Joel Siegel, GOOD MORNING AMERICA: “CHARLIE AND THE CHOCOLATE FACTORY is a true classic all on its own. I love the first film, based on the Roald Dahl kiddy classic. But this one’s better. […] Freddie Highmore should have been Oscar nominated last year for FINDING NEVERLAND. As the new Charlie Bucket, maybe he’ll be as lucky this year in Hollywood as he is with candy bars. […] And the uncanny Johnny Depp creates a preposterous, unbelievable, unlikable Willy Wonka, and makes him real. And sweet as nougat. Grade: A-.”

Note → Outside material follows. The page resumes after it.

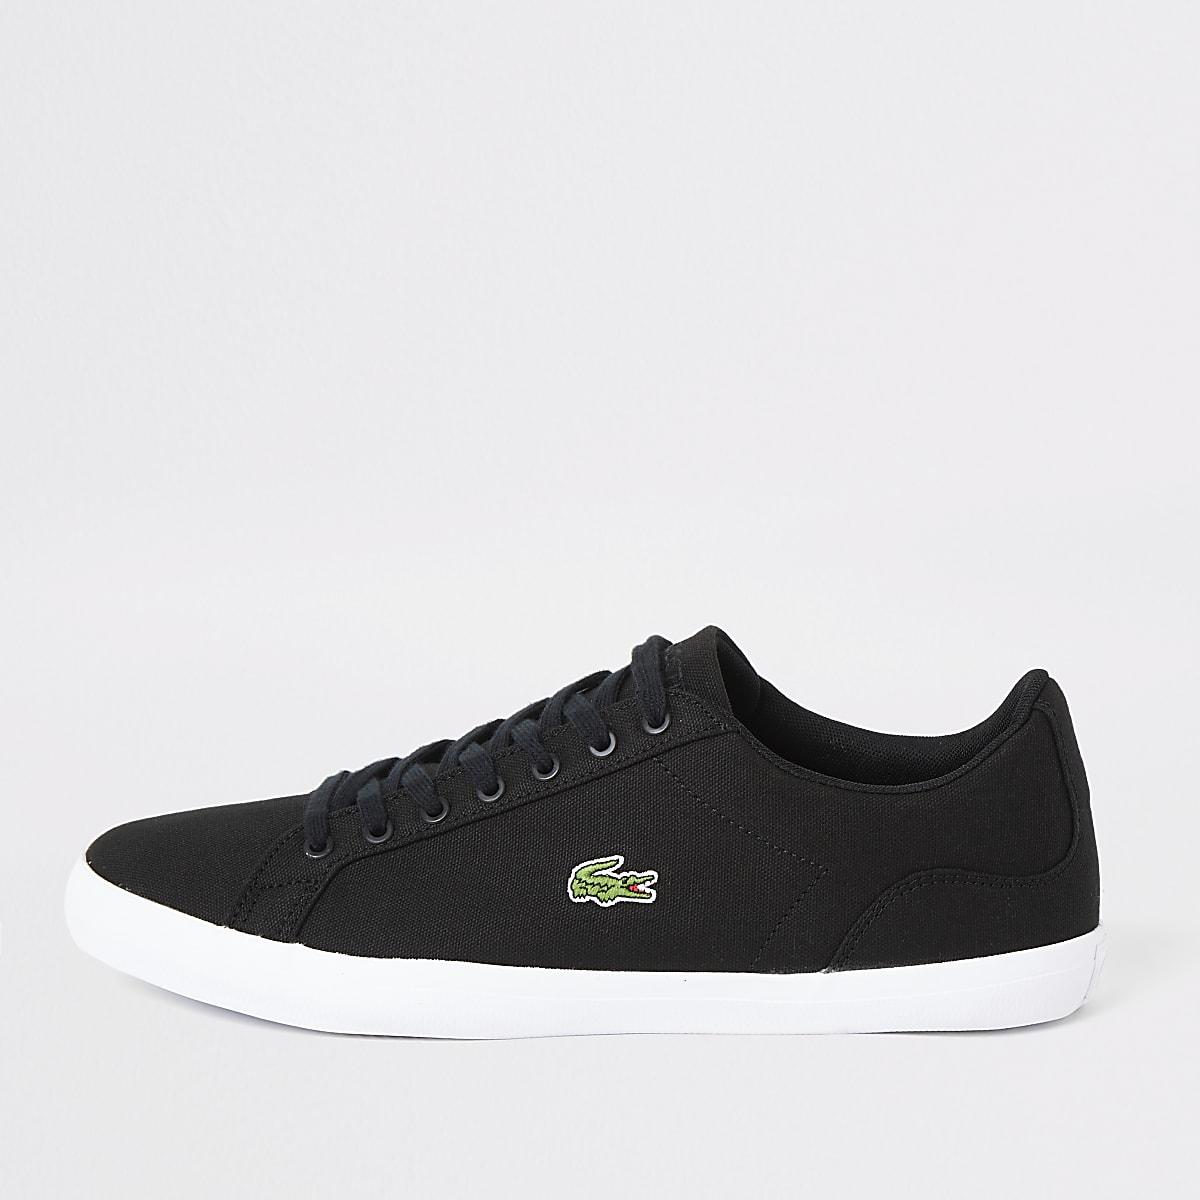 Lacoste black Lerond canvas sneakers

David Germain, ASSOCIATED PRESS: “A big studio film that really works. A remake that improves on the original. Hollywood is truly in fantasyland with CHARLIE AND THE CHOCOLATE FACTORY, Tim Burton’s wildly imaginative take on Roald Dahl’s beloved children’s book. This is the sort of visual feast Burton was born to make. It’s a film packed with chaste delights for young children and plenty of sophisticated, cryptic edge to entertain and puzzle their parents. Then there’s Johnny Depp. As candy man Willy Wonka, Depp puts such a distinct, strange, wondrous and sometimes creepy stamp on this social misfit, Gene Wilder’s portrayal in the 1971 original almost looks like a button-down 9-to-5 Nestle exec by comparison. Just as Depp hoisted PIRATES OF THE CARIBBEAN: THE CURSE OF THE BLACK PEARL from a pleasantly dopey action comedy to an Academy Award-level performance piece, he elevates this elegantly simple tale into Burton’s most human film since their collaborations on ED WOOD and EDWARD SCISSORHANDS.”

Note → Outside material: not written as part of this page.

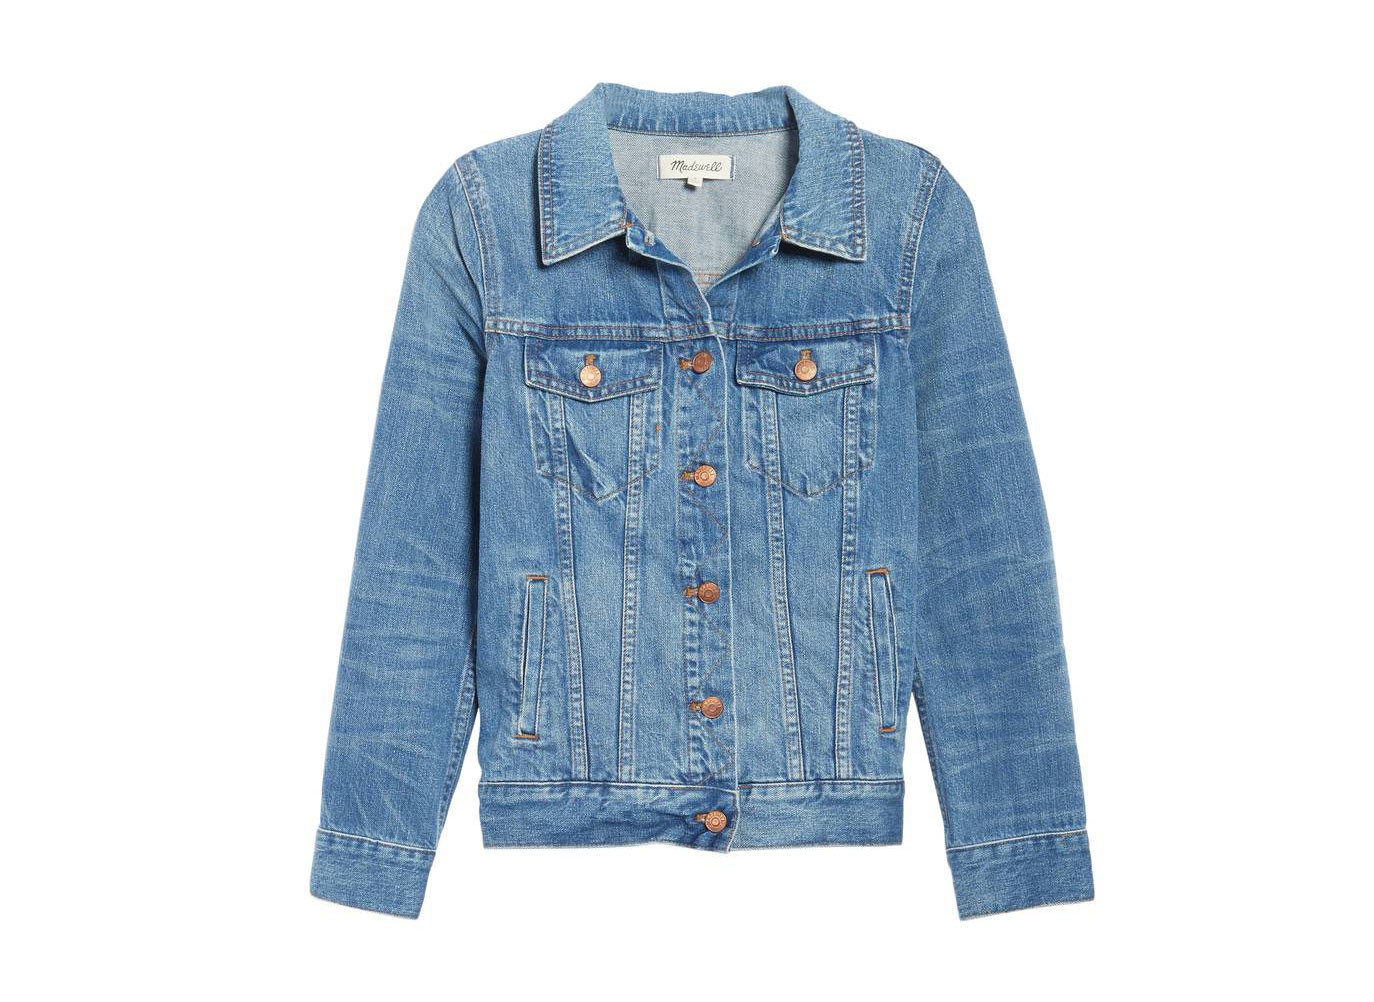 Style + Design Travel Shop denim jacket outerwear button jeans textile sleeve pocket product

Michael Wilmington, CHICAGO TRIBUNE: “In a summer of movie discontent,CHARLIE AND THE CHOCOLATE FACTORY stands out like a gourmet truffle in a box of stale caramels and curdled creams. Tim Burton’s scrumptious version of writer Roald Dahl’s 1964 children’s classic is almost everything you’d want it to be: a peach of a story delightfully imagined by Dahl and lushly realized by Burton. It’s full of witty or awesome scenes, flights of fancy and characters either totally, lovably sweet or outrageously, humorously rotten. Heading that gallery is Dahl’s cracked genius of a candymaker, Willy Wonka himself, the character memorably played by Gene Wilder in the 1971 film version of Dahl’s book and here played by Johnny Depp. Depp’s Wonka can seem sweet and poisonous himself, sometimes in a single line reading […]. Depp […]plays Wonka like a daffy man-child, brilliant and petulant, always in control but only because he owns everything in sight. Depp’s line readings, as in PIRATES OF THE CARIBBEAN, are disarmingly twisted and unexpected; he bends phrases, just as Wonka springs traps and double meanings. As in his first BATMAN, Burton fashions a wonderful pop mythology on screen. But the film works so well because all its makers (including executive producer Felicity Dahl) are so faithful to Dahl’s vision and mood. It’s an exhilarating and fanciful movie that never drowns in money or technology. CHARLIE AND THE CHOCOLATE FACTORY, in fact, gives you everything you should want of it, except the actual taste of chocolate. You can bring that yourself.”